£400m in tax could come from personal service company crackdown
Ministers are discussing whether to close a tax loophole that could be costing the Treasury up to £400m and is currently being exploited by as many as 100,000 people.
The rules surrounding how personal service companies are used could be tightened in the run up to Chancellor Osborne’s autumn statement on 25 November.
The issue involves the way that employee national insurance contributions and income tax are levied on professionals across a wide range of industries, ranging from the media and IT right through to nursing.
A service company is a company that has been set up to cut tax amounts due by offsetting a series of expenses against earnings and also taking money as dividends, which only attract tax liability at corporation tax rates.
It isn't only employees who can benefit under the present system, as employers can avoid or reduce national insurance contributions (NICs).
A government source commented: “This is about fairness in the tax system. It is just not fair to have people in the same company doing the same jobs paying different levels of tax.”

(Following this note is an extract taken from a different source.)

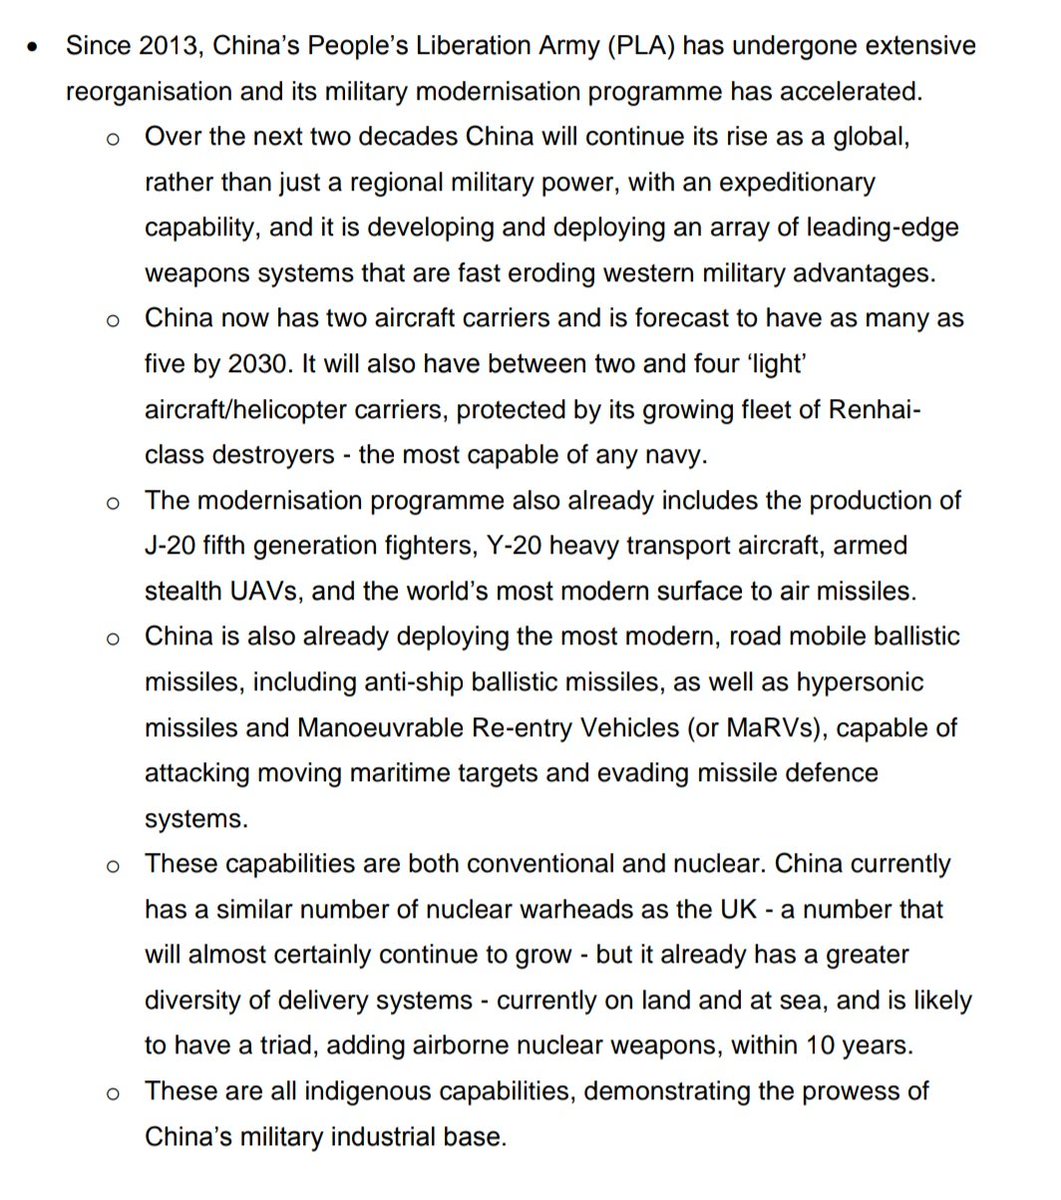 UK chief of defence intelligence: China "is developing and deploying an array of leading-edge weapons systems that are fast eroding western military advantages". Says Renhai-class destroyer is "the most capable of any navy", and China will have a nuclear triad "within ten years"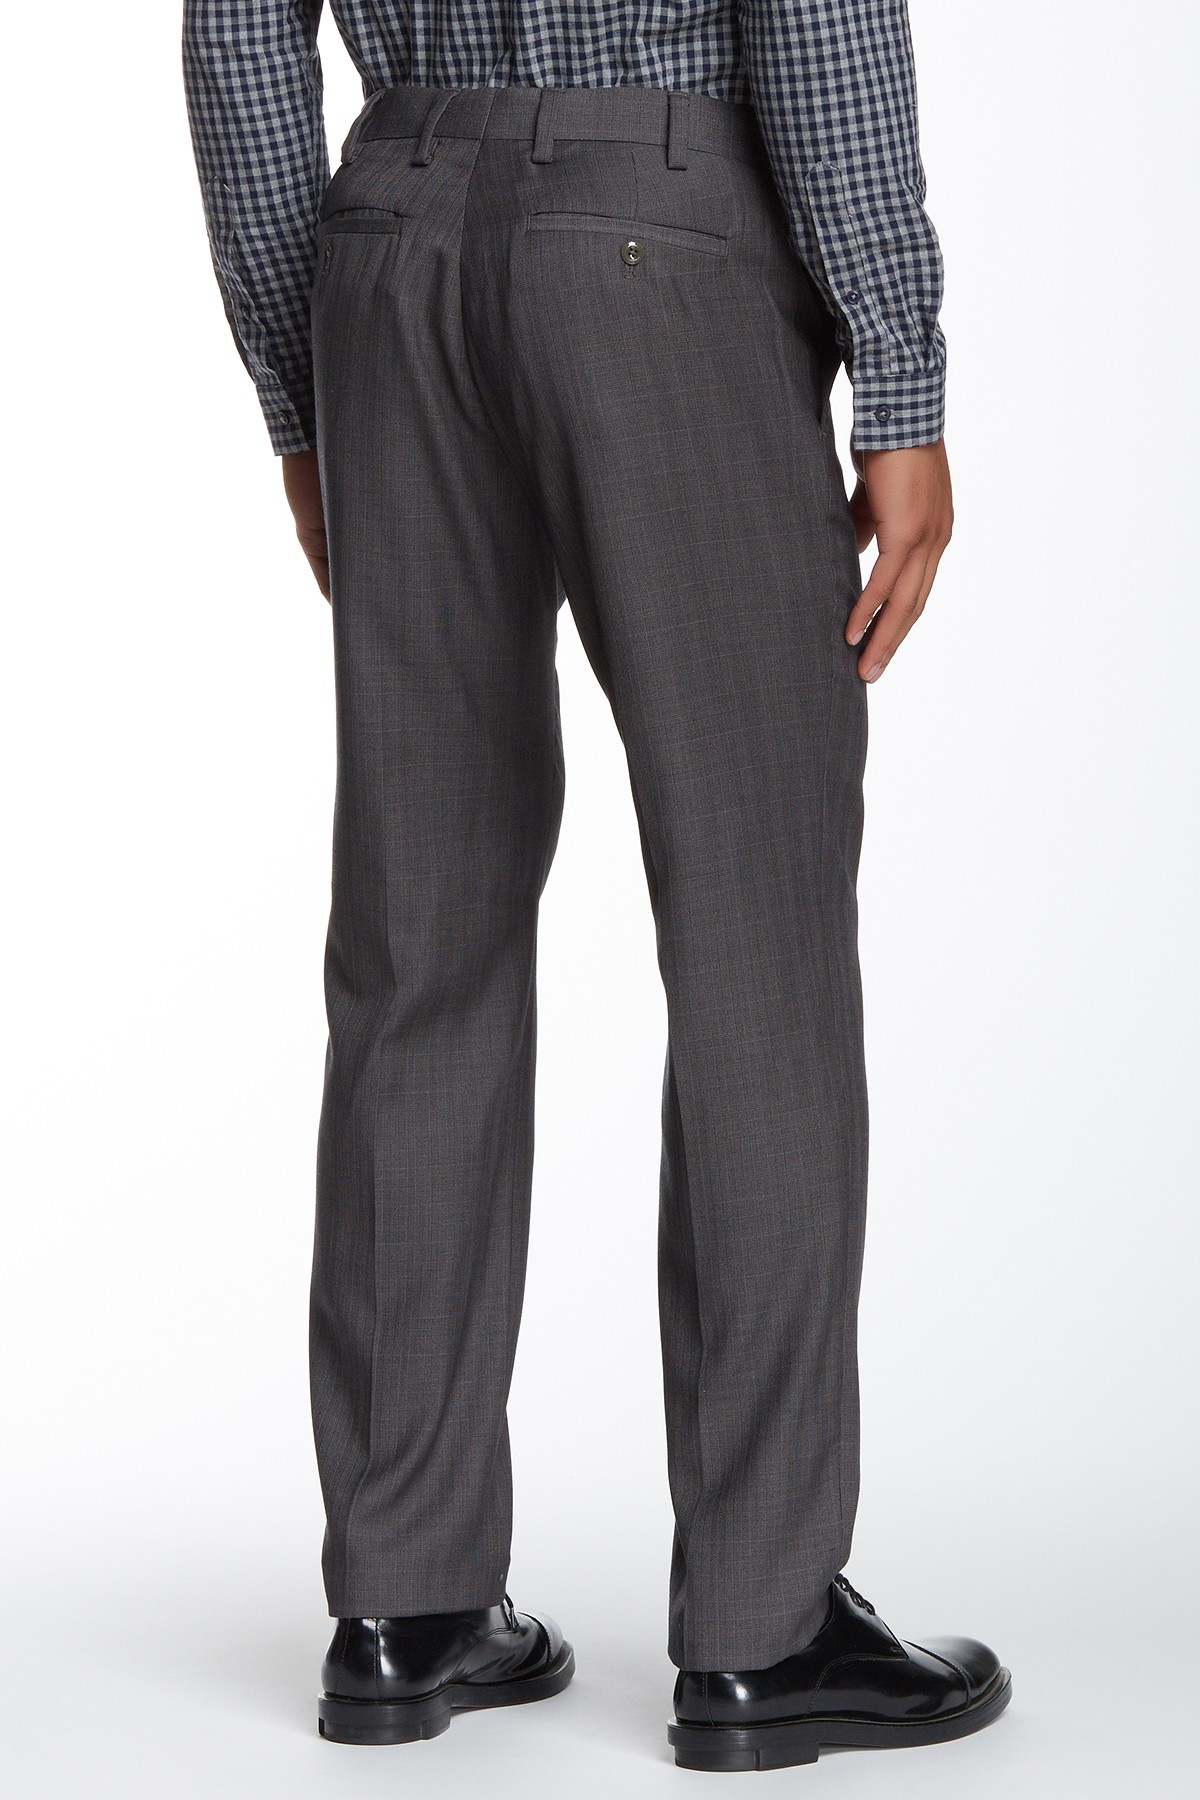 Lyst - Louis Raphael Modern Fit Manchester Plaid Pant in Gray for Men

Ministers are likely to take into account how the upcoming annual conference of the CBI reacts to proposals to change the system, as the government does acknowledge that some professionals legitimately use personal service companies.
Gordon Brown tackled the issue as far back as 1999, when he clamped down on “disguised employees” through the IR35 scheme. The new proposals would mean consultants using a personal service company would have to go onto a company's payroll if they worked for a business for over a month.